Steps 8 and 9 do not incur page faults, but step 10 does. Again, we consider the future uses of the data in memory; neither page 1 nor 2 will be used in the future, so we can evict either.

frame:	0	1	2
page:	3	2	5

Similarly in step 11, we can evict either page 3 or page 2:

frame:	0	1	2
page:	3	4	5

Finally, we execute step 12, which incurs no page fault. This gives a total of 7 page faults. This is guaranteed to be the optimal number.

LRU, MRU, LFU

Although we cannot predict the future, we can estimate it based on past behavior. Most programs exhibit both spatial and temporal locality:

Spatial locality: after accessing an address, it is likely that nearby addresses will also be accessed.
Temporal locality: pages that are accessed frequently are likely to be accessed in the near future

Exploiting these assumptions leads to the following algorithms: - Least frequently used (LFU) assumes that pages that have been accessed rarely are unlikely to be accessed again. Keep a count of how many times each page is accessed, evict the page with the lowest count - Least recently used assumes that pages that were accessed recently are likely to be needed. Keep a timestamp of latest access, evict the page with the lowest timestamp. - Most recently used assumes that programs do not read the same addresses multiple times. For example, a media player will read a byte and then move on, never to read it again. As with LRU, keep a timestamp of latest access, but evict the page with the highest timestamp.

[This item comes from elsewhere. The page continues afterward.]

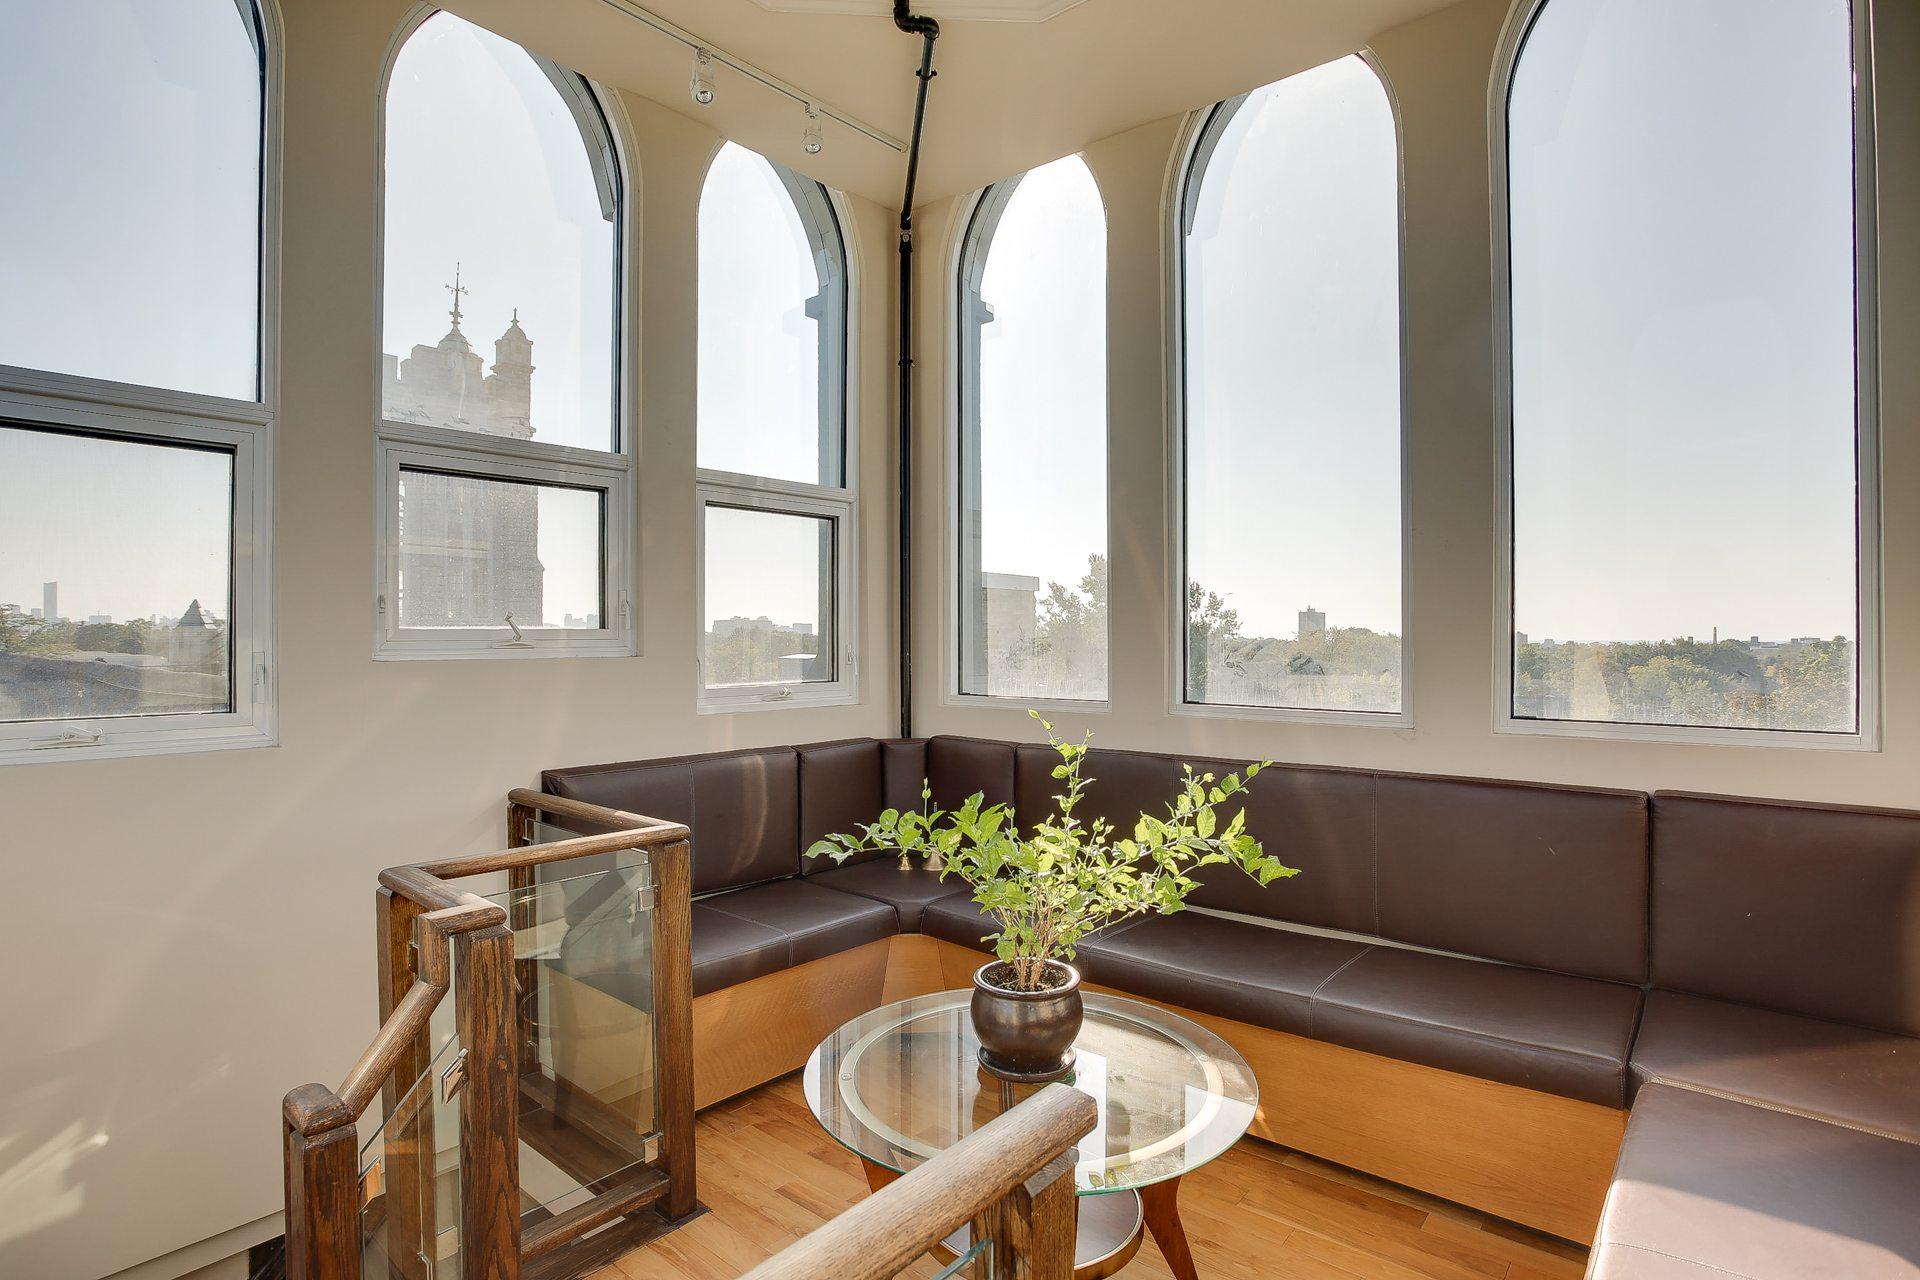 toronto-condo-for-rent-384-sunnyside-avenue-4

These algorithms exploit locality to approximate OPT, and thus can often do a good job of reducing page faults. However, implementing them is very difficult: - a count or timestamp needs to be updated on every access; this requires hardware support, and an extra register per TLB entry (expensive!) - there is one count/timestamp per page; to find the process to evict, we have to traverse the entire frame list.